Feature selection method in Machine Learning.

24-07-2022
chuong xuan
0 Comments

In fact, not all data is clear, the features are useful for the model. For example, when we want to predict the price of a house, it doesn't matter whether the landlord is a boy or a girl. Therefore, it is quite important to choose features that are useful to the model, helping to reduce the number of input data dimensions.

Basically, we will use probability to calculate the relationship between each feature and the target field to be predicted. But the idea is that, using any formula or measure to determine if that feature is not good is still a great wisdom. In this article, you and I will learn through some formulas and calculations!

Mục lục

Feature selection method

Feature selection algorithms can be divided into three categories: filter methods, wrapper methods, and embedded methods.

Filter

This guy has the following characteristics:

Depends on the characteristics of the data
Will give lower performance than wrapper methods or embedded methods.
Methods: Variance , Correlation , Univariate selection , Multivariate selection .

About Constant, quasi-constant, duplicated features.

Constant features : display only one value for all observations in the dataset.

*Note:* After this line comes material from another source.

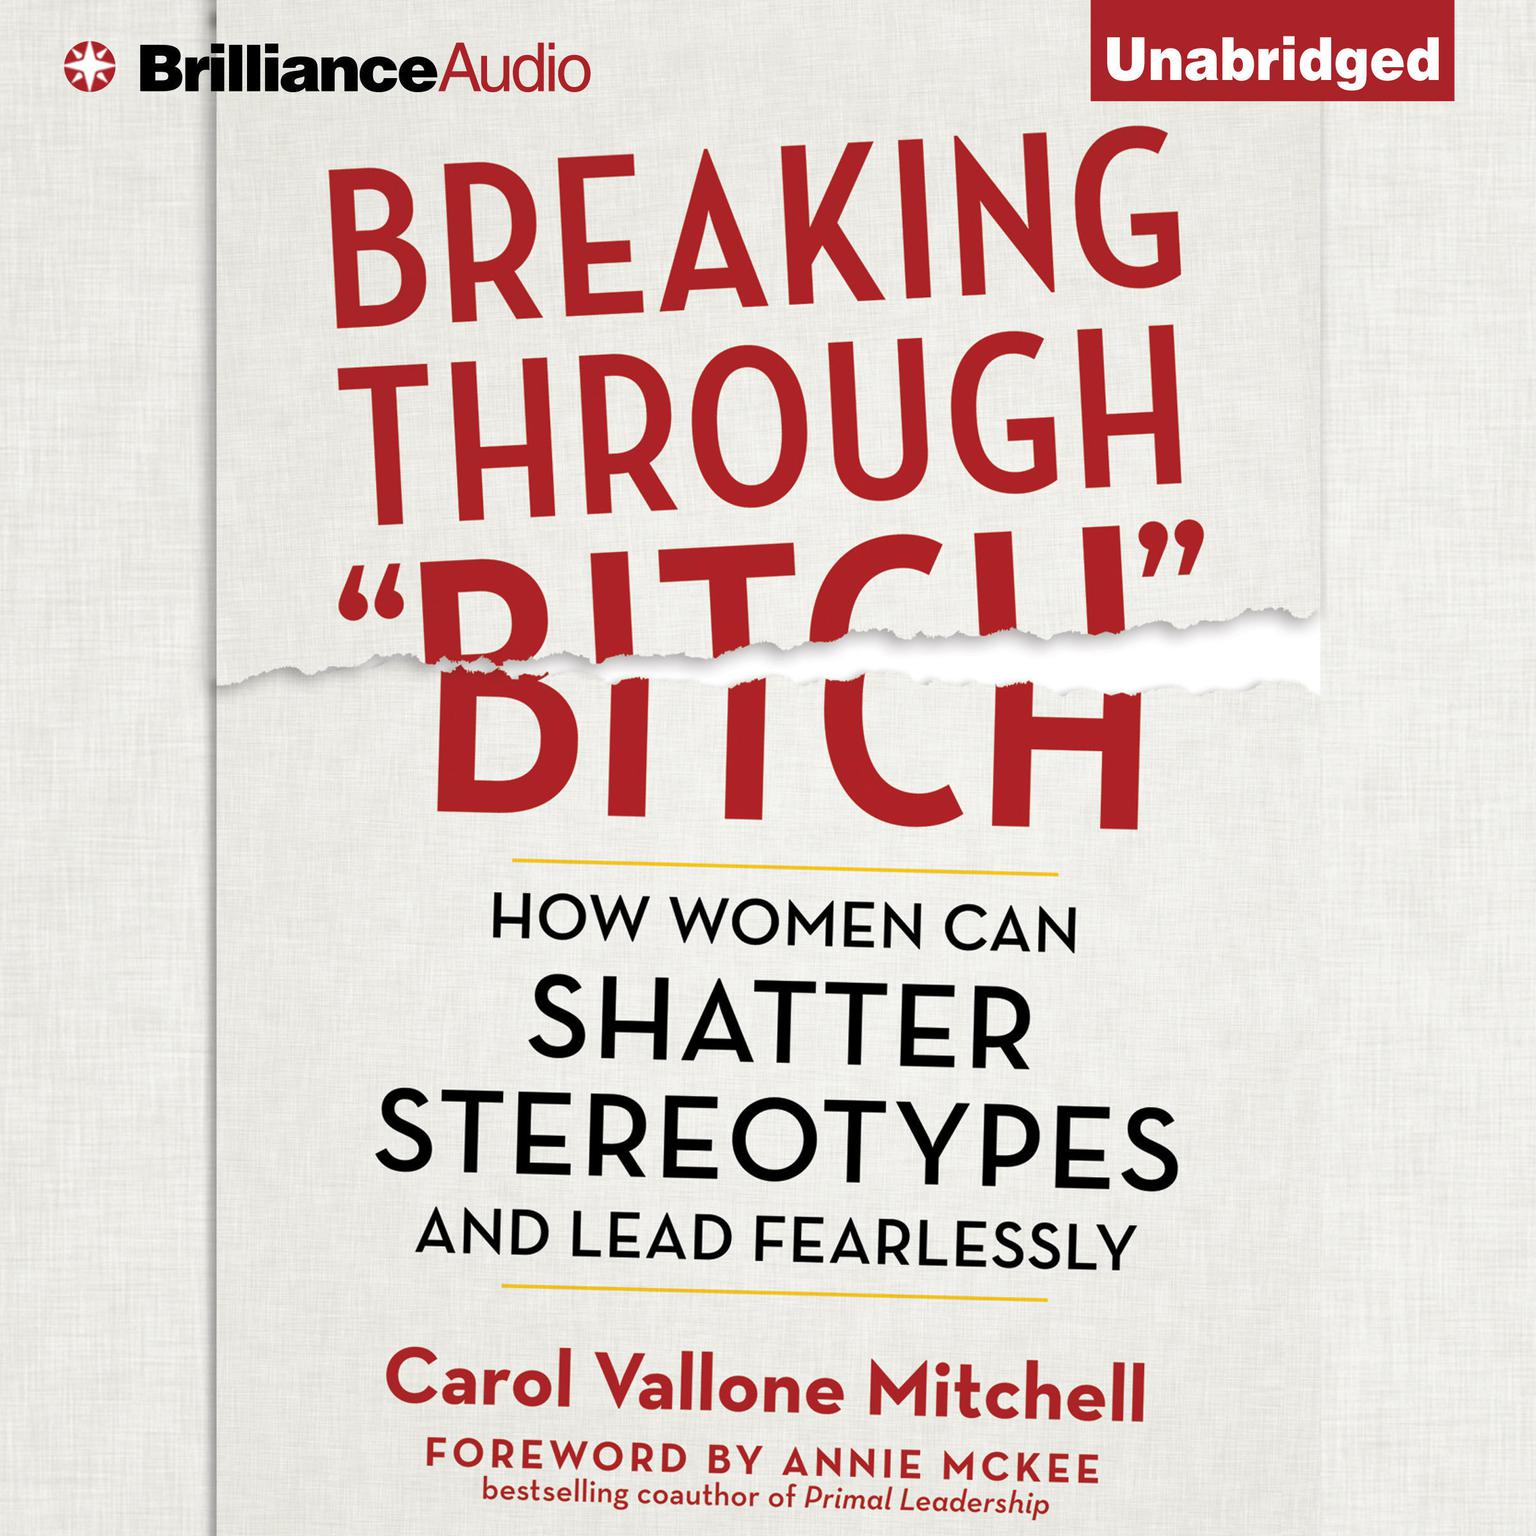 Breaking Through Bitch: How Women Can Shatter Stereotypes and Lead Fearlessly Audiobook, by Carol Vallone Mitchell

The simplest method to handle constant features. We will set a threshold (threshold) for the variance, features that do not meet that threshold will be discarded. (Can use sklearn to process)

 from sklearn.feature_selection import VarianceThreshold
 sel = VarianceThreshold(threshold=0)
 # fit finds the features with zero variance.
 sel.fit(X_train) 
 # get_support() method returns which features are retained.
 retained_features = sel.get_support()

It will return a bool sequence, we just need to look at it to know which features do not satisfy the condition.

Quasi-constant features : Similar to the constant features above, it's just that we can adjust the threshold to make the condition more stringent (for example, threshold = 0.01, the feature will be dropped when it has 99% value. alike).

Duplicated features : Are similar features, for example, one original feature and another feature is the label encoder of the original feature, then those two features are equivalent, we can drop one feature. Or multiple identical rows.

Method:

For small dataset: In pandas there is a function to evaluate if a dataframe contains duplicated rows. As for checking columns, we still use the duplicated() function, just transpose the matrix.
With big dataset: If using transpose with large data is definitely very memory consuming and not feasible. So we can use loop to find duplicated columns or use numpy library.

 for_, idx = np.unique(df.to_numpy(), axis=1, return_index=True)
df_uniq = df.iloc[:, np.sort(idx)]

Correlation

Using the correlation between two or more variables is also a good way to remove features with low correlation. The removal of highly correlated features helps the linear model work better, avoiding bias between features.

We can test the feature with a low correlation target we can drop the feature.
Or check the correlation between feature and feature if two features have high correlation with each other, maybe those two features have the same information and we can drop 1 feature to reduce the dimensionality of the input data.

How to determine correlation coefficient .

Pearson's correlation coefficient

 sum((x1 -x1.mean) * (x2 - x2.mean) * (xn - xn.mean)) / var(x1) * var(x2) * var(xn)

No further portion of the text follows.